Sonia Torres. (José Gabriel Hernández / La Voz)
La década de 1970 transcurrió particularmente sombría en la mayoría de los países latinoamericanos.
La imposición de regímenes cívico-militares por sobre gobiernos democráticos causó heridas
sociales y económicas, y violaciones de derechos que aún no cicatrizan.
En Argentina, la nueva dictadura incrementó los niveles de violencia sobre las infancias a
límites insospechados.
Chicos y chicas fueron lastimados en, al menos, dos dimensiones: la de testigo y la de víctima
directa. Incontables hijos e hijas presenciaron la detención de familiares, mientras que otros/
as compartieron prisión junto a sus mayores y recibieron torturas físicas con el fin de quebrar
la resistencia de los adultos; muchos fueron abandonados luego en hospitales, comisarías o
simplemente en la calle.
Un número incalculable de adolescentes fue secuestrado y desaparecido al “subvertir el orden
público” sólo por pertenecer a centros de estudiantes, manifestarse en contra de la dictadura o
figurar en listas de amigos o compañeros.
Y cientos fueron víctimas del sistema desde antes de nacer. Las embarazadas detenidas
transitaban su gestación en condiciones tenebrosas, para, luego del nacimiento, ser separadas
de su bebé, que era “ubicado” en familias afines al régimen.
Así surgieron los primeros conceptos de identificación anómala de la época: los “niños
desaparecidos” y los “niños apropiados”. Un punto de referencia podría ser la intolerable
declaración del dictador Jorge Rafael Videla: “Frente al desaparecido, en tanto esté como tal,
es una incógnita. (…) no tiene entidad, no está… ni muerto ni vivo, está desaparecido”.
Esta agobiante definición impregnó de dolor y desconcierto a
quienes descubrían que podía haber nuevas y aberrantes
representaciones sociales infantiles.
Tal apropiación era justificada públicamente como una “reparación
ante el error cometido por la falta de apego y responsabilidad de
padres subversivos”. Según esa lógica, el Estado otorgaría un mejor
destino a esos niños “desamparados” o “en situación de peligro”.
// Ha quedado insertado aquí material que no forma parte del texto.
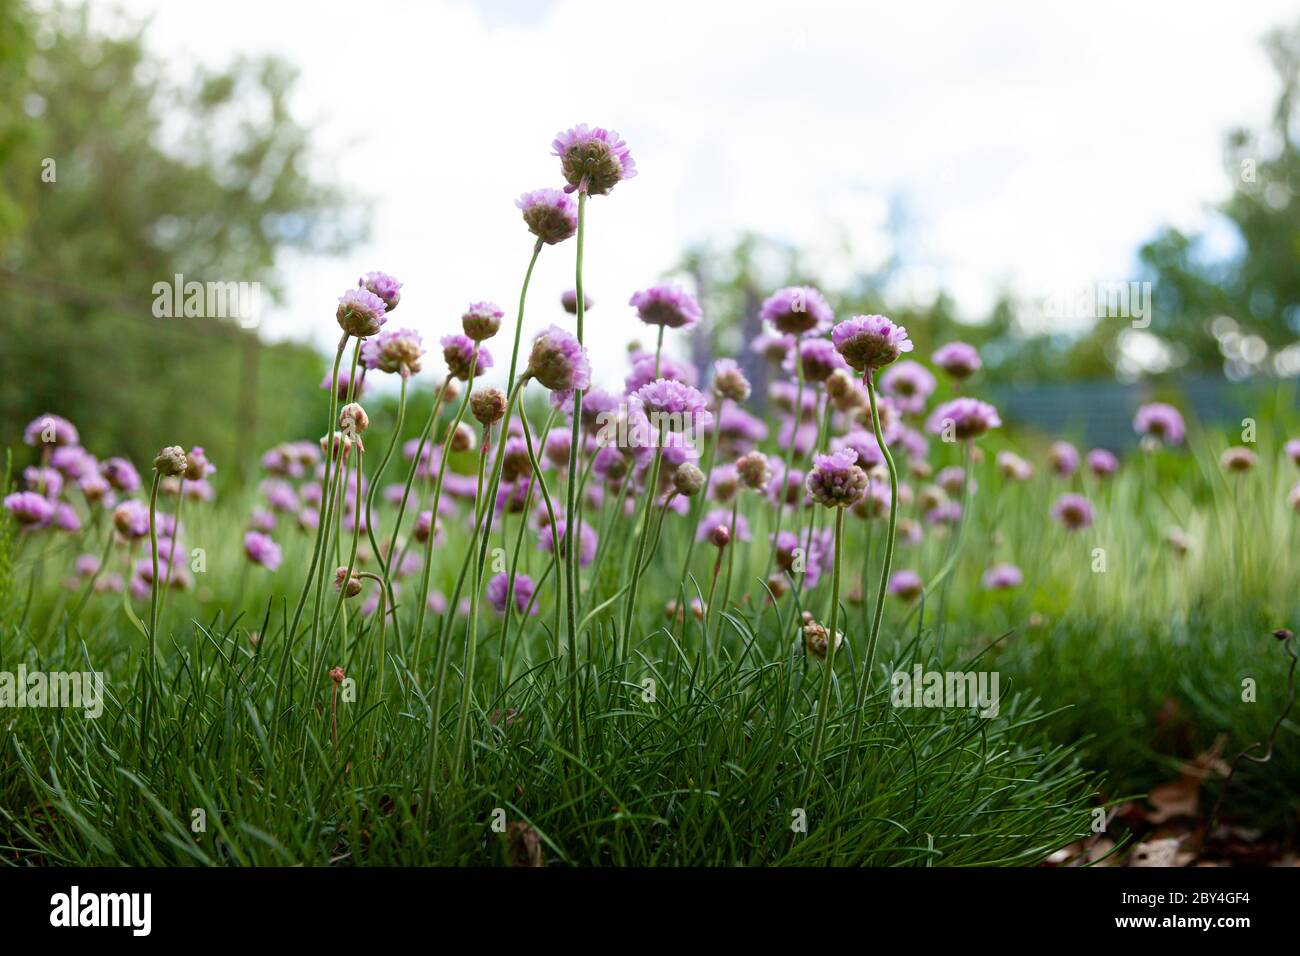 Fleurs violettes dans le jardin. L'oignon, ou ciboulette, est une plante herbacée vivace dont le nom latin est Allium schoenoprasum. Banque D'Images

Sin disponer de registros exactos, se estima que fueron secuestrados
alrededor de 400 recién nacidos, “colocados” de inmediato en familias
vinculadas con las fuerzas armadas, amigos de dirigentes o funcionarios
ocasionales.
La violación a los derechos humanos alcanzaba límites impensables.
Como forma de resistencia, nació en 1977 la asociación Madres de
Plaza de Mayo con el fin de reclamar la recuperación con vida de los
detenidos desaparecidos. En poco tiempo se creó Abuelas de Plaza de
Mayo, agrupación centrada en localizar e identificar a nietos sustraídos
y restituirlos a las familias legítimas.
ABUELA CORDOBESA
Sonia Torres, emblema de Abuelas en Córdoba, falleció el pasado 20
de octubre a los 94 años sin haber conocido a su nieto.
Durante el juicio por crímenes cometidos en el centro de detención La
Perla, pudo saber que su hija Silvia había parido un varón en junio de
1976 en la Maternidad Provincial de Córdoba, y que se lo llamó
Daniel Efraín.
Ese hijo –ese nieto– es hoy una persona de 47 años que tal vez
desconoce su historia. No sospecha la violencia sufrida por su familia
biológica ni sabe de la búsqueda de casi medio siglo de su abuela, a
pesar de las amenazas recibidas, el atentado contra su vida y de los
obstáculos que encontró a cada paso.
Si hubiera sido el nieto recuperado número 133, Daniel Efraín (¿cuál
es su nombre hoy?) podría haber ayudado a Sonia a despedirse en paz.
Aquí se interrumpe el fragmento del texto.